WARNING[L1,P0] (Carpet): Although OpenMP is disabled, the environment
variable OMP_NUM_THREADS is set to 8. It will be ignored.
WARNING level 0 from host jlabdaq.pcs.cnu.edu process 0
while executing schedule bin (none), routine (no thorn)::(no routine)
in thorn Carpet, file /home/dgore/Cactus/Cactus/configs/sim/build/Carpet/
SetupGH.cc:222:
-> Although OpenMP is disabled, the environment variable
CACTUS_NUM_THREADS is set to 8. This may indicate a severe problem with the
Cactus startup mechanism.
cactus_sim: /home/dgore/Cactus/Cactus/configs/sim/build/Carpet/helpers.cc:275:
int Carpet::Abort(const cGH*, int): Assertion `0' failed.
Rank 0 with PID 32440 received signal 6
Writing backtrace to static_tov/backtrace.0.txt
/home/dgore/simulations/static_tov2/output-0000/SIMFACTORY/RunScript: line
26: 32440 Aborted (core dumped)

$./simfactory/bin/sim submit static_tov1 --parfile=par/static_tov.par
--procs=1

-- Warning: Too many threads per process specified: specified num-threads=8
(ppn-used is 8)
Warning: Total number of threads and number of threads per process are
inconsistent: procs=1, num-threads=8 (procs*num-smt must be an integer
multiple of num-threads)
Warning: Total number of threads and number of cores per node are
inconsistent: procs=1, ppn-used=8 (procs must be an integer multiple of
ppn-used)

When I set all the .ini variables to 1,

$ ./simfactory/bin/sim submit static_tov5 --parfile=par/static_tov.par

This works and runs properly on a SINGLE core.

When I try and use OpenMP, hwloc refuses to compile when I set
"CCTK_OPENMP_MODE = yes" The error is that "C compiler does not generate
executables" (or something similar).

If ayone can provide any light on this, I'd be very appreciative.
--
David Gore, Ph.D., Lecturer in Physics
Department of Physics, Computer Science and Engineering
Christopher Newport University
Office: 309 Luter Hall
Voice: 757 594 7827
David Gore
8 years ago
Permalink
(I don't know if people prefer bottom-posting or top-posting, so I'm just
going with GMail's default)

As usually happens, 10 minutes (ok, an hour) after I post a problem, I find
a solution. The problem was that, in

Cactus/configs/sim/config-data/make.config.defn, the following code block
existed:

# OpenMP flags
export CPP_OPENMP_FLAGS = -openmp <----This was the problem
export FPP_OPENMP_FLAGS = -fopenmp
export C_OPENMP_FLAGS = -fopenmp
export CXX_OPENMP_FLAGS = -fopenmp
export CUCC_OPENMP_FLAGS =
export F90_OPENMP_FLAGS = -fopenmp
export F77_OPENMP_FLAGS = -fopenmp

I removed "-openmp" from the CPP_OPENMP_FLAGS variable and now hwloc
compiles.

Much thanks to @bgoglin who was sitting on irc.freenode.net/#hwloc and
caught the error for me.
(And I thought IRC died in 2005 or so :-)

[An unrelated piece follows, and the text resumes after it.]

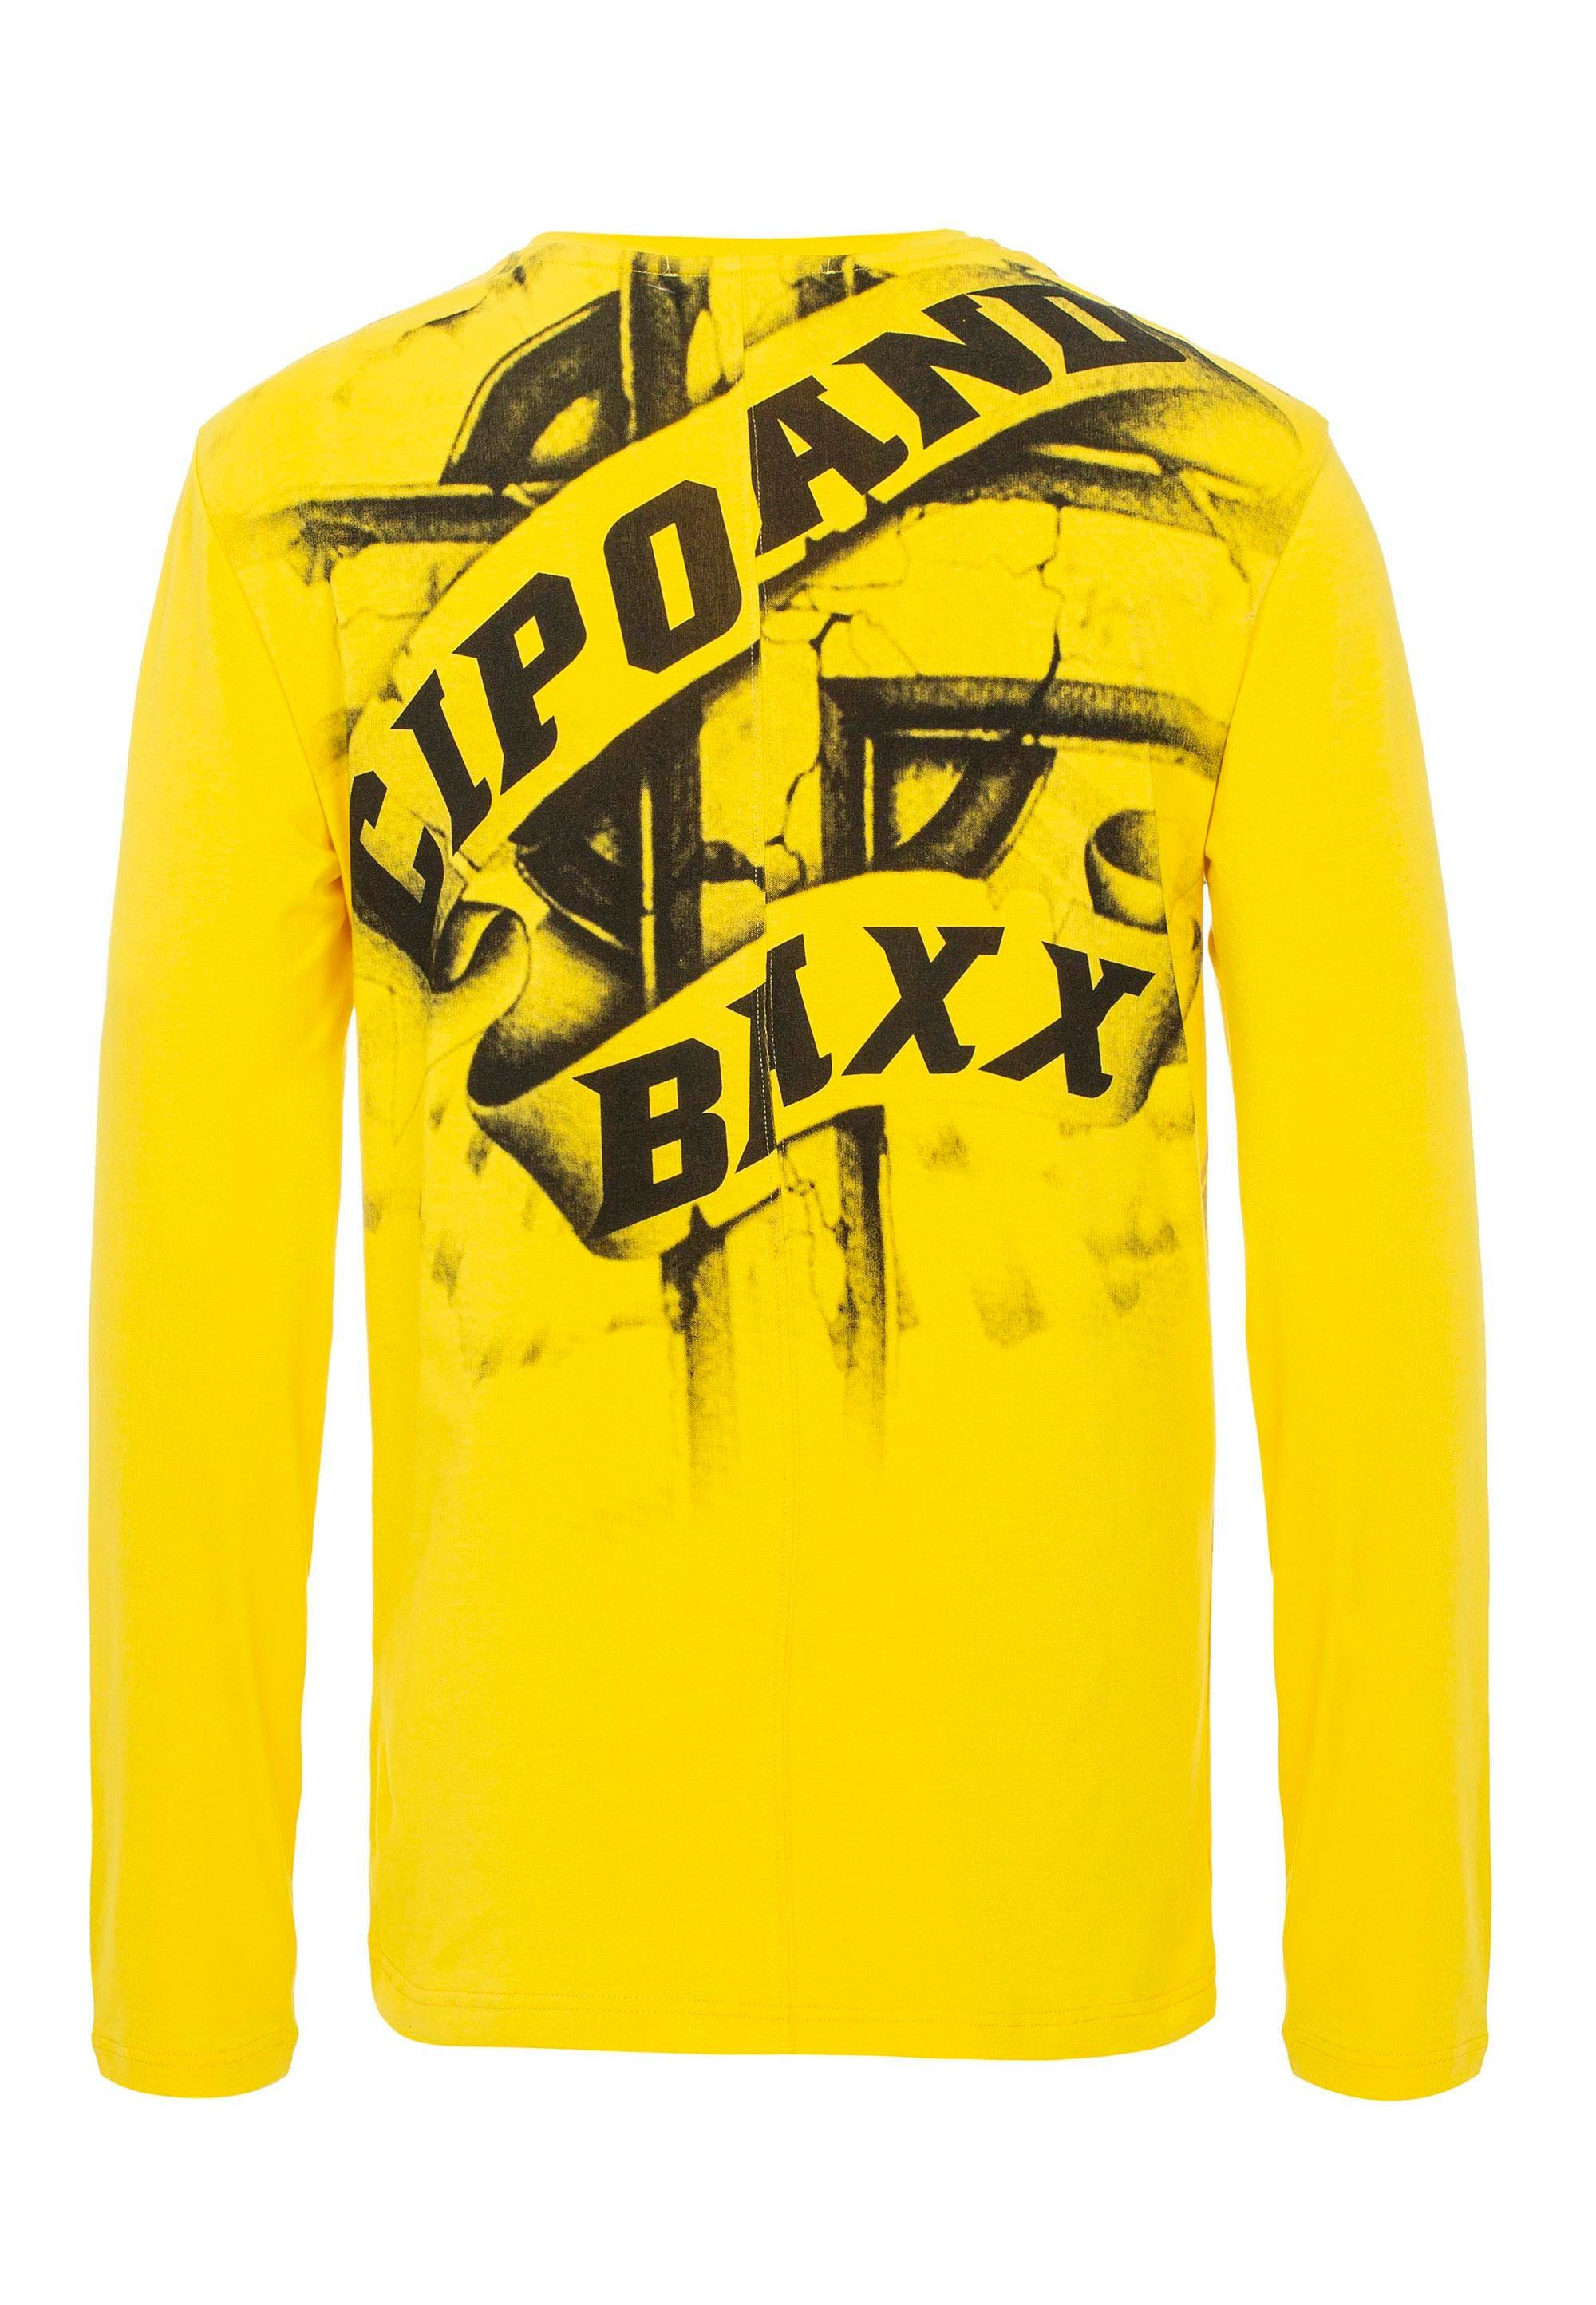 Cipo & Baxx Langarmshirt in Look gelb coolem

.... took about 40 minutes to compile. But I am now running static_tov
and... I'm at 740% cpu usage (Irix mode)

Another hurdle surmounted.
...
--
David Gore, Ph.D., Lecturer in Physics
Department of Physics, Computer Science and Engineering
Christopher Newport University
Office: 309 Luter Hall
Voice: 757 594 7827
Roland Haas
8 years ago
Permalink
Hello David,

any style of quoting is fine.

If you are using the gnu compiler (gcc) then the correct openmp flags
are -fopenmp and not -openmp (the latter creates an output file penmp).
-openmp was used by older Intel compilers (icc).

Yours,
Roland
...
--
My email is as private as my paper mail. I therefore support encrypting
and signing email messages. Get my PGP key from http://pgp.mit.edu .
Ian Hinder
8 years ago
Permalink
(I don't know if people prefer bottom-posting or top-posting, so I'm just going with GMail's default)
As usually happens, 10 minutes (ok, an hour) after I post a problem, I find a solution. The problem was that, in
Hi,

Good to hear it works, and thanks for posting the solution for others to see!

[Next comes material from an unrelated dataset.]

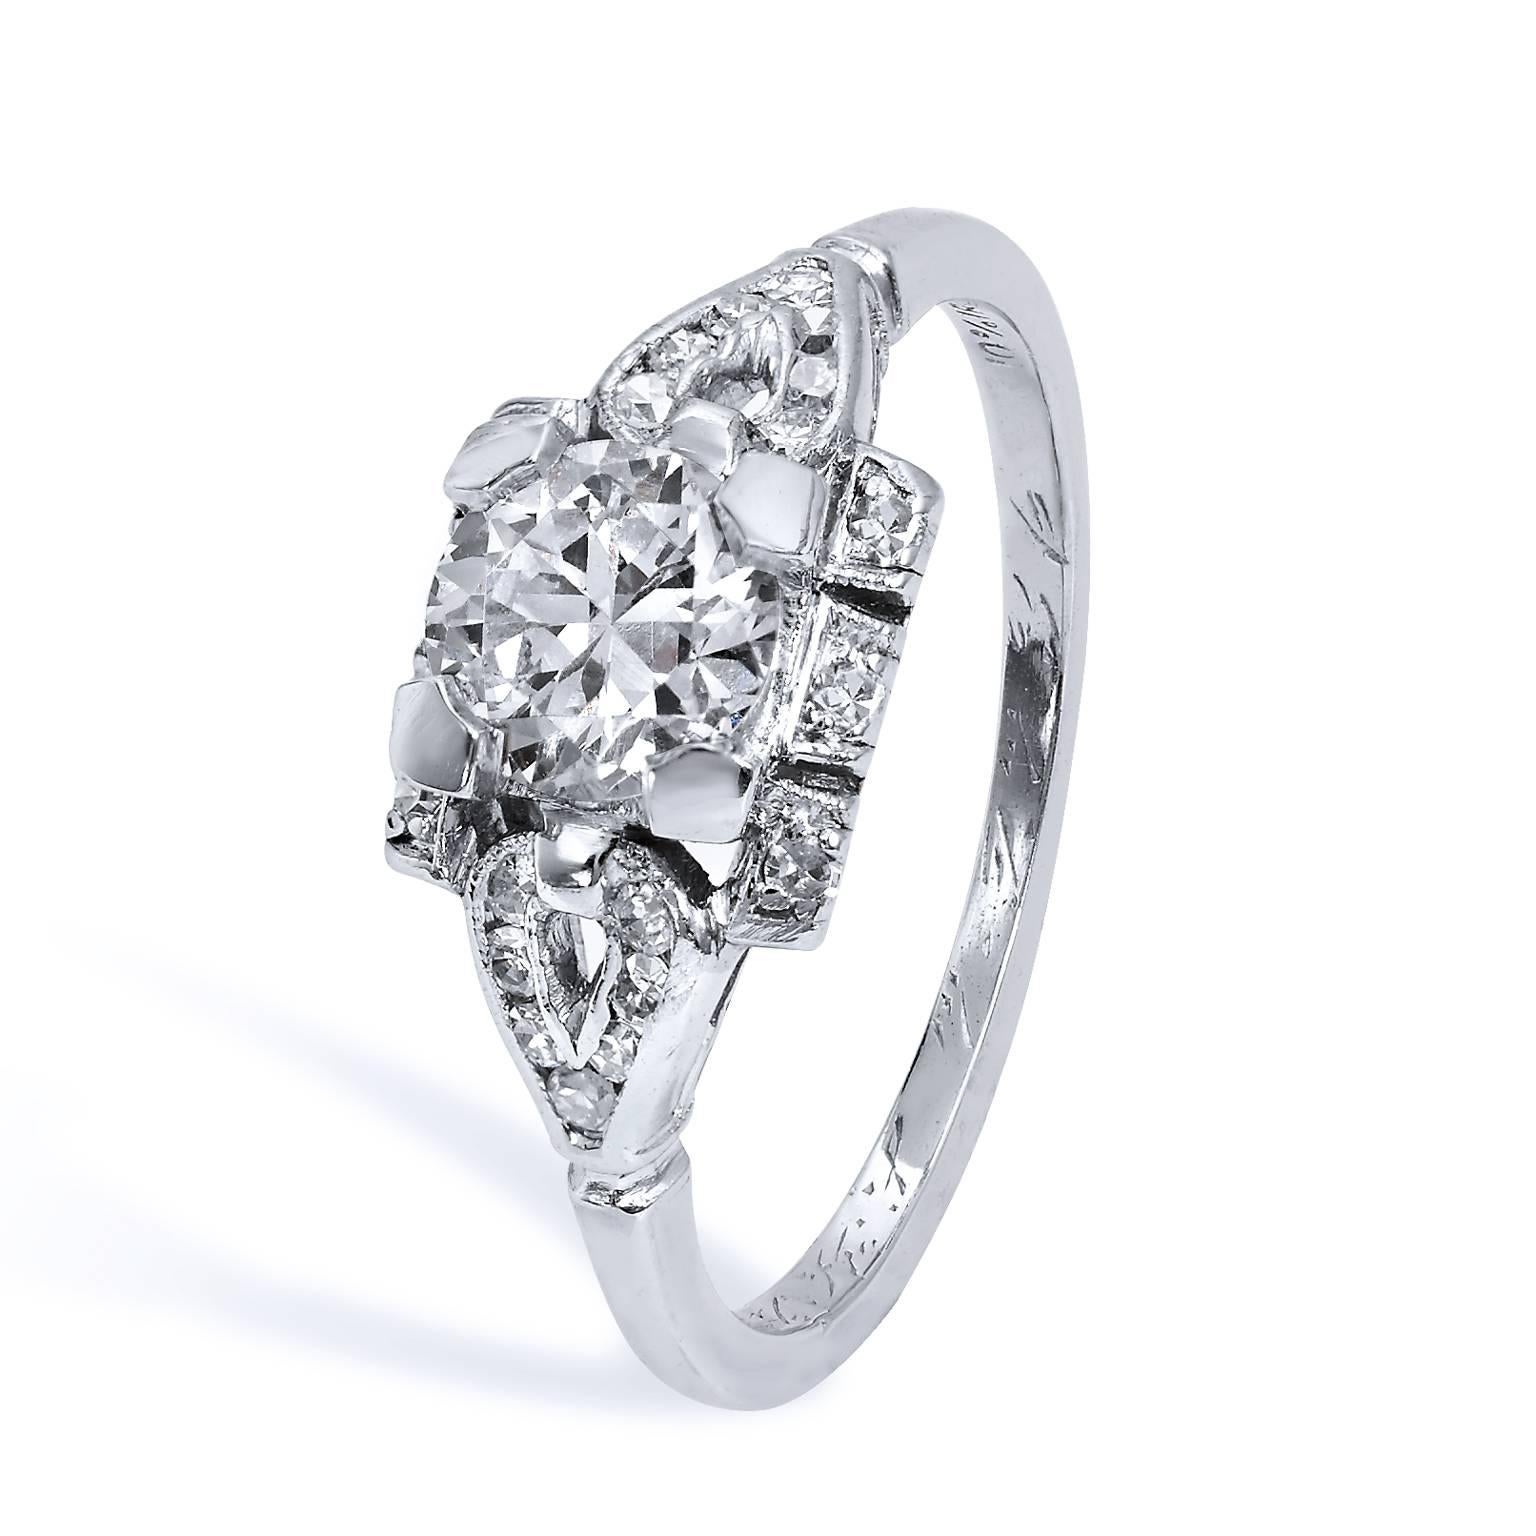 5.5 carat diamond ring

The file Cactus/simfactory/mdb/optionlists/centos.cfg contains a configuration for CentOS 7, which is probably the closest to RHEL 6. Indeed, it has

OPENMP = yes
CPP_OPENMP_FLAGS = -fopenmp
FPP_OPENMP_FLAGS = -D_OPENMP
C_OPENMP_FLAGS = -fopenmp
CXX_OPENMP_FLAGS = -fopenmp
F77_OPENMP_FLAGS = -fopenmp
F90_OPENMP_FLAGS = -fopenmp

because it is using gcc.

In case you didn't catch it, when the Cactus configure stage says that the compiler cannot create executables, what it really means is that there was an error running the compiler during autoconf, and the log of the error can be found in

configs/sim/config-data/config.log

I don't remember whether it tells you this or not.

Another option to using OpenMP is to use MPI for parallelisation, even on a single host. I think for that you should be able to use

ppn = 8
max-num-threads=1
num-threads=1
nodes=1

The meaning of these variables is described at

http://simfactory.org/info/documentation/userguide/processterminology.html.

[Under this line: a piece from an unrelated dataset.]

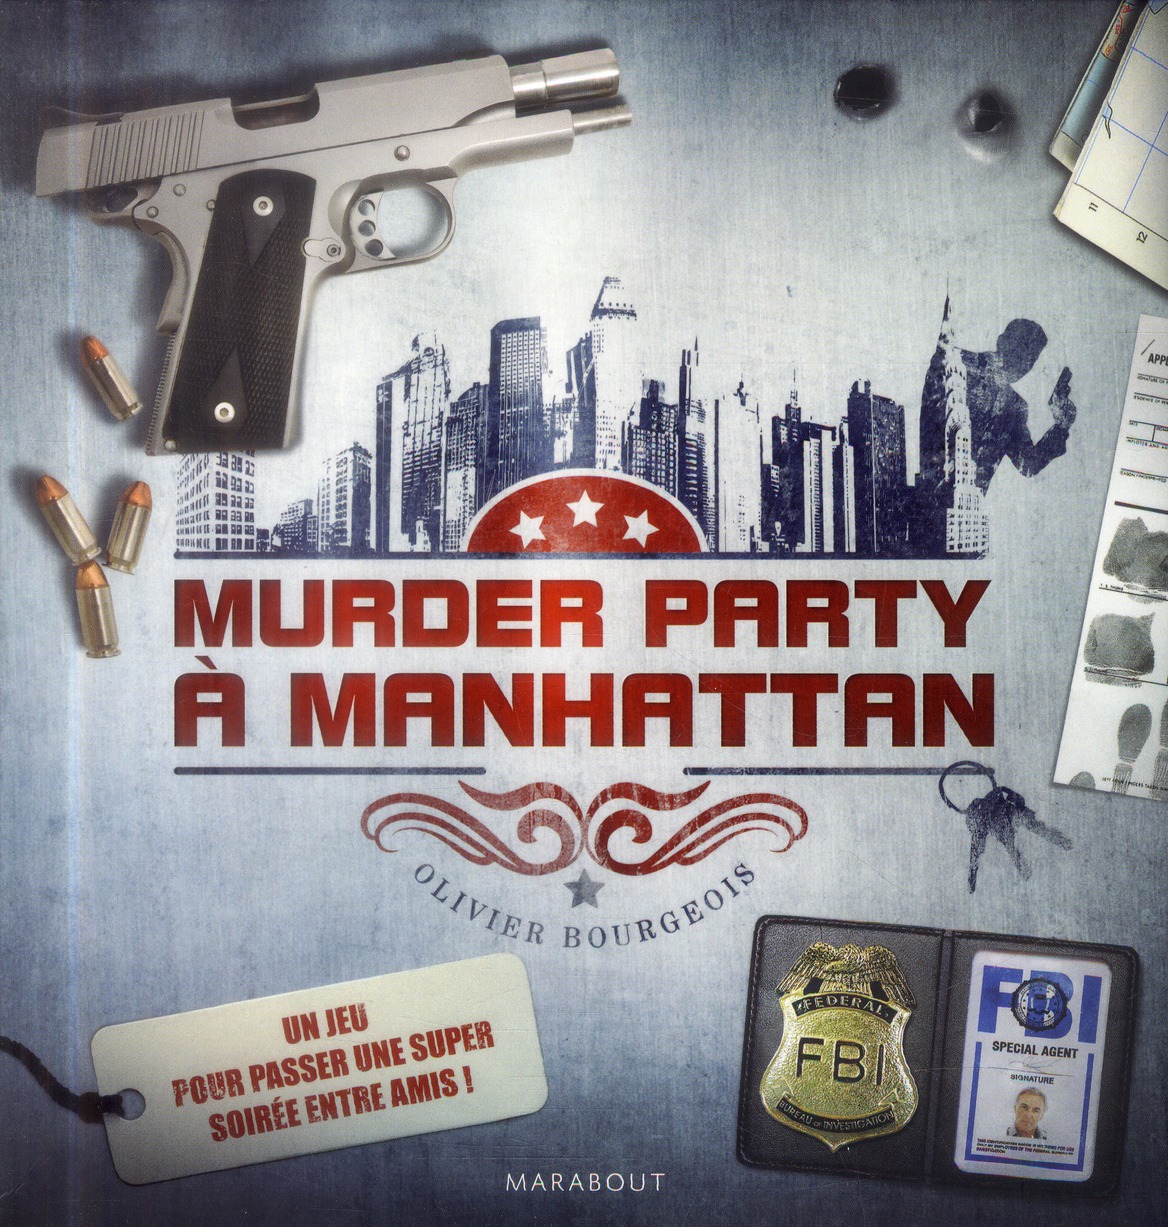 MURDER PARTY A MANHATTAN

You should then be able to run using --procs 8, and parallelisation will happen using MPI. "num_threads" is really "num_openmp_threads_per_process", so setting it to 1 means "don't use multiple threads per process", i.e. parallelise by creating more processes, not more threads.

Note that static_tov has quite a small grid, so parallelisation efficiency is probably not very good.
--
Ian Hinder
http://members.aei.mpg.de/ianhin
David Gore
8 years ago
Permalink
Hi, Ian.

Given the amount of times I've found answers to problems because someone
posts their fix, I thought it would be criminal not to do the same.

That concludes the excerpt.